Letters

Opportunities for EAC in free trade area

mombasa

Mombasa Port. As far as trading blocs go, the European Union (EU) has been a global case study of turning a free market into a common market. FILE PHOTO | NMG

As far as trading blocs go, the European Union (EU) has been a global case study of turning a free market into a common market. Faced with notable challenges in the integration process such as the consecutive crises in the Exchange Rate Mechanism in the early 90s, the EU defied all odds and continued to expand in depth and geography in a historic feat.

However, only two years ago, this ideal trading bloc took a hit with the Brexit vote, which triggered a global conversation on regional trading, agreements and integration towards creating shared prosperity for the countries involved.

In our own context, a snapshot of intra-East African Community (EAC) trade in the past few years will reveal tension-filled and sometimes hectic trade-relations, as well as an overall cloud of uncertainty on the future of the EAC.

Yet with our geographical advantages, natural resources and global reputation, the EAC holds huge potential to set the pace for the Africa Continental Free Trade Area (AfCFTA) and lead the continent into a new age trading with the world on an equal and mutually beneficial platform.

While there isn’t much comparison to be made with the EU, one indisputable thing is that their integration process was marred by political and social differences especially with bringing on board of Eastern European countries. This, many times, caused uproar in member States with populations demanding that their nations’needs come first’. Through the chaos, nonetheless, members designed new institutions with a view to open up markets and ideological alignments.

Our challenges in integration are also hampered by political and social differences, which manifest in seemingly endless Non-Tariff Barriers (NTBs) that threaten to weaken our overall contribution to global trade.

For instance, EAC global trade decreased in 2017 to a meagre 0.2 percent from 0.3 percent the previous year.

The trade deficit also increased by 63.1 percent to $17.4 billion. Our exports to the world also decreased, and of these, only 29.2 percent were destined for Comesa and other intra-regional markets.

The latter numbers can be boosted within the AfCFTA through increased collaboration and goodwill to make use of existing instruments and well-designed policies that will enhance trade and get rid of long-standing barriers.

We have witnessed some progressive steps that have made a significant contribution to the growth of EAC intra-regional merchandise trade. These include elimination of restrictions for imports on sensitive products allowing for greater trade among partner States.

We have also had elimination of NTBs on certain products such as dairy products, as well as increased trading in intermediate products.

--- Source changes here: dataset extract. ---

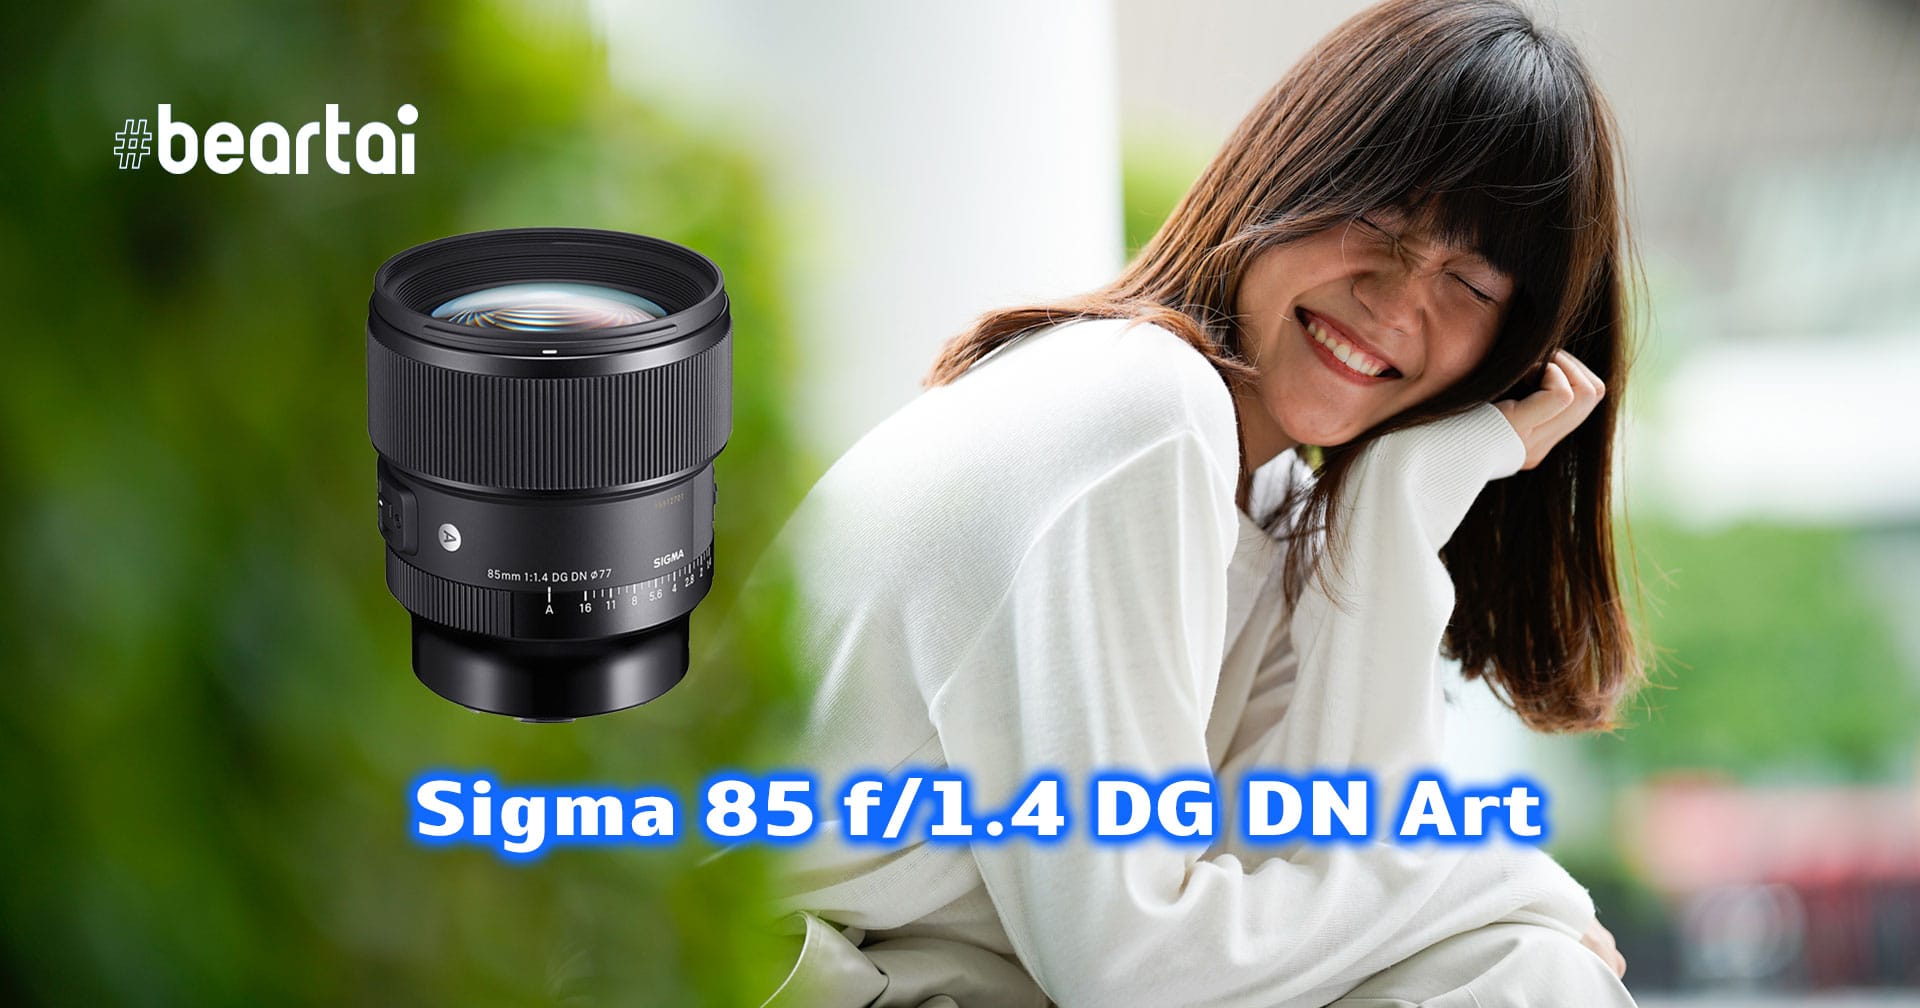 Preview เลนส์สายน้า Sigma 85 f/1.4 DG DN Art ในขนาดตัวที่เล็กลงแต่คุณภาพไม่เล็กตาม!

Bilateral meetings continue to find solutions to rising problems and this addresses the fact that we all have the same vision of shared prosperity.

Going forward, it is important to give priority to collaboration that will see supply chains strengthened across borders and governments laying the groundworks for the ease of movement of goods and people.

This will help in realising the full potential of intra-regional market. Additionally, we need to put into action a robust EAC export promotion strategy for products in other regions and minimise intra-regional rivalry.

It will, similarly, define the role of incentives in trading with future EAC trading partners.

Indeed, the EAC is uniquely poised to be a leading regional bloc in the next few years. We ought not to let what’s in store for us be derailed in the short-term.